Каждый из нас может вспомнить свою прошлую жизнь и представить себе этих, только начинающих свою карьеру ребят. Автор не пытается поставить себя над своими героями. Он идёт рядом с ними, показывая их будни, деликатно комментируя их отношения. Но это не семейно-бытовое повествование. Я бы даже назвал роман приключенческим. Сюжет развивается динамично, страницы насыщенны диалогами, встречами, коллизиями, суть которых состоит в противостоянии молодой энергии героев, желающих реализовать себя и занять своё место в обществе с действительностью, умертвляющей всё живое, деятельное и самостоятельное.

 
Не прибегая к спецэффектам, автор сумел показать, как поначалу смутный, неосознанный протест героев против липкой паутины отношений загнавшего себя в тупик общества «развитого социализма», мешающего им жить, вырастает в осознанное стремление вырваться из советской действительности. На наших глазах происходит мужание характеров героев, крепнет их решимость эмигрировать из Советского Союза. Но, вот незадача, только еврейская семейная пара в принципе могла добиться этого. А им так хотелось уехать вместе, поддерживая и помогая друг другу. Жизнь подсказывает неординарное опасное решение, требующее мужества, воли и терпения. Завязывается интрига и автор показывает, как шаг за шагом преодолевают они препятствия на пути к поставленной цели:


– Мы приняли решение тоже уехать в Америку.
Лёня растерянно посмотрел Антону в глаза.
– Антон, получают вызов только евреи. Подавать на выезд могут тоже только евреи. Ну, ещё немцы. Это не имеет значения. Но вы не евреи и не немцы, вы - русские...
– Только один вариант... если вы согласны на него. Вы разводитесь, и мы разводимся, потом переженимся.

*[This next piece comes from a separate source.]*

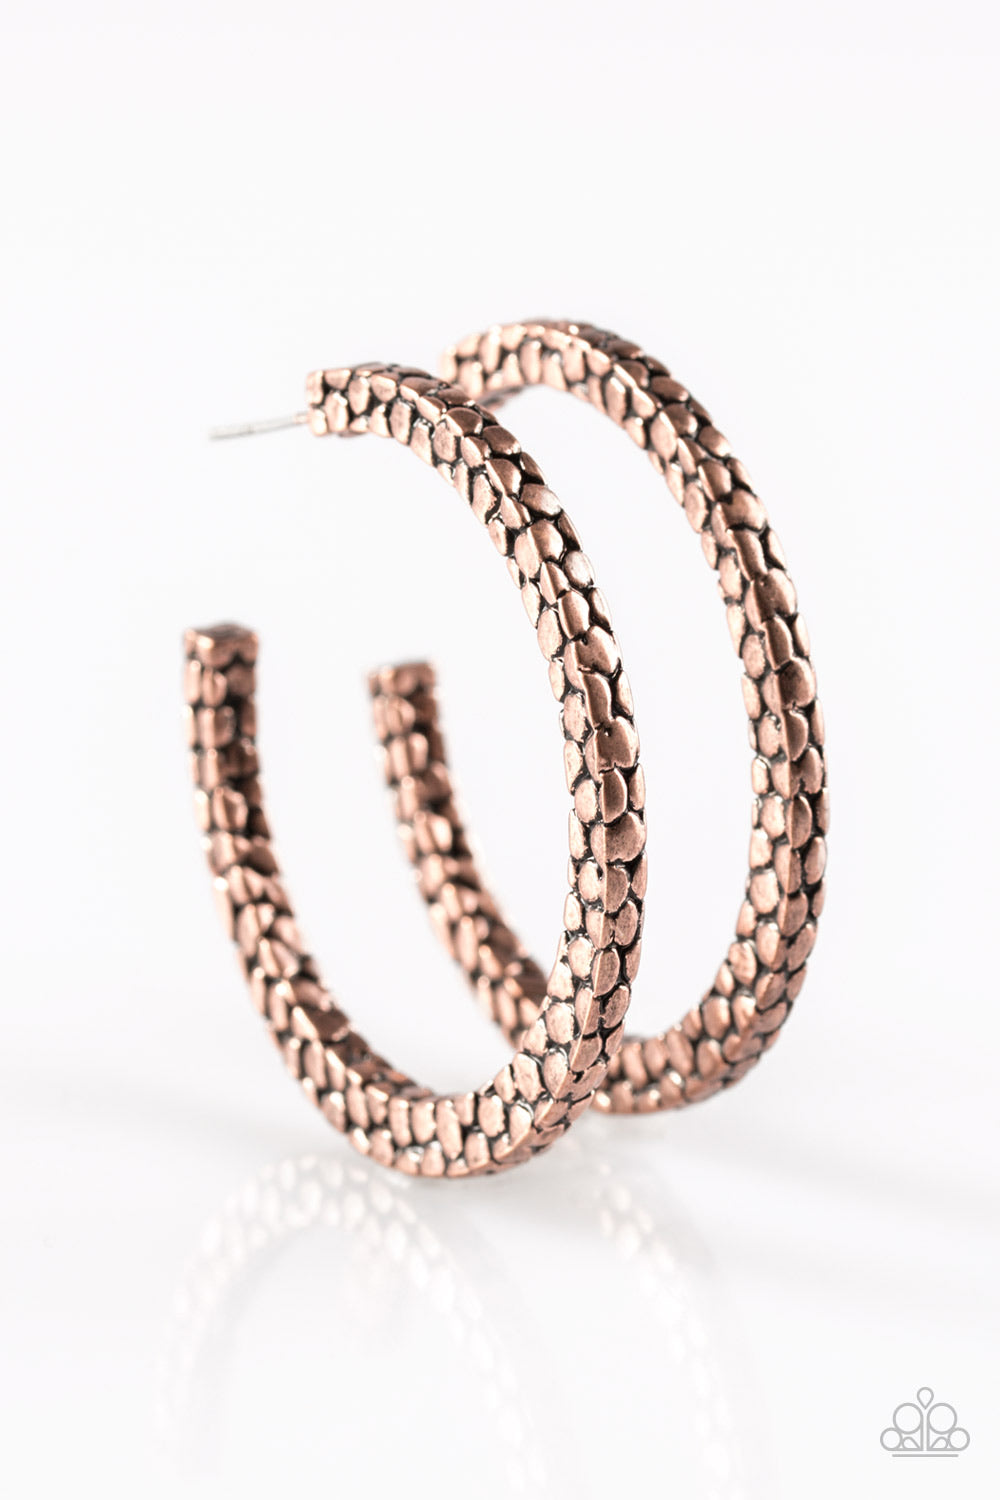 Make The Beast of It - Copper Hoop Earrings - Paparazzi Accessories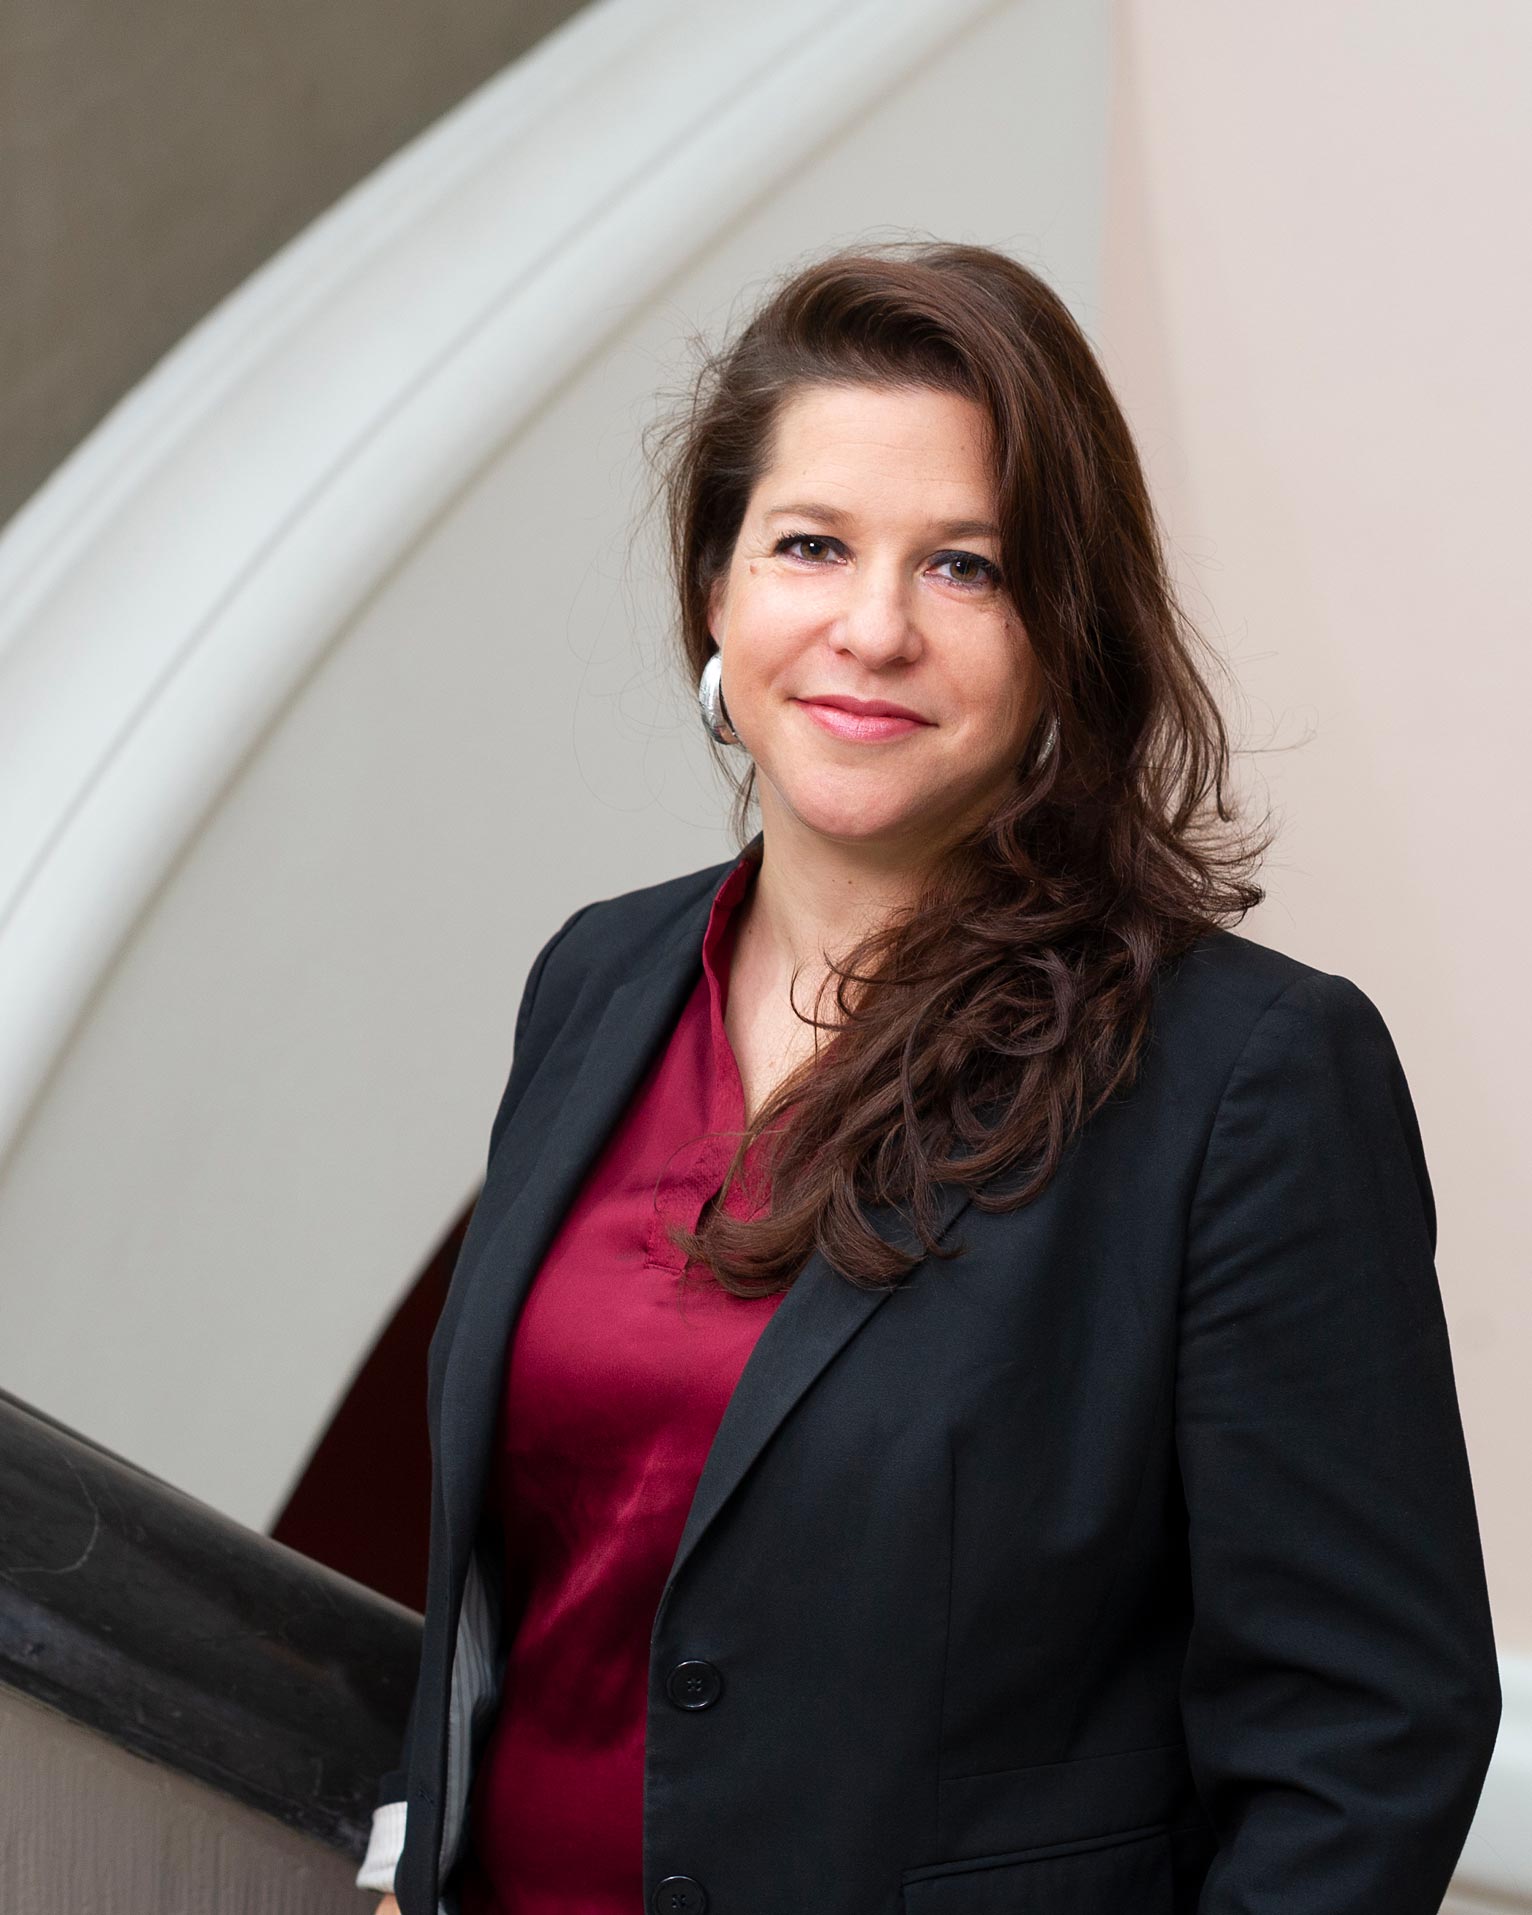 Dina Pomeranz is UBS Foundation Assistant Professor of Applied Economics at the Department of Economics, University of Zurich

Какая ещё у них была альтернатива, чтобы осуществить своё решение? Автор вынуждает героев искать обходные пути, и вскоре они сумели добиться своего и получить выездные документы, хотя неожиданные и отнюдь не роковые события нарушили их планы. Обстоятельства их отъезда настолько изменили бытие наших героев, что их жизнь в Вене, в Италии и США живо, увлекательно и не без юмора изображённые автором, пошла в совершенно непредвиденном направлении. Автор вместе с героями размышляет над вопросами:


 «Почему их не оказалось в самолёте? Почему они не прилетели?
Но как они могли знать о событиях в Шереметьевском аэропорту? Они уже быки заграницей. А там, там Фаня и Антон стояли на краю пропасти..."


Можно с уверенностью утверждать, что читатель непременно станет сопереживать приключениям героев на их нелёгком пути к счастью.


Тот же, кто даст себе труд оценить не только занимательную интригу и живые характеры героев, вылепленных рукой умелого мастера, увидит перед собой отражение океана событий и свершений, составивших то, что мы называем теперь исходом евреев из Советского Союза.
 

 Грандиозная 1000-страничная эпопея проторена и пережита заново:


«Ещё никто не развёлся, ещё никто не умер, ещё не появились у русских еврейских бабушек и дедушек чёрные американские внуки, ещё никто не стал миллионером, ещё никто не знал, чем это всё кончится.
Всё начиналось с ночного мытья посуды в китайских ресторанах.
Иммигрантская жизнь советских евреев в Америке, которую история назвала «Третьей волной», начинала свою эпоху».
 

Финал романа расходится с моими предсказаниями, но я принимаю авторскую версию безоговорочно. Ибо Любовь - это источник всех наших начал.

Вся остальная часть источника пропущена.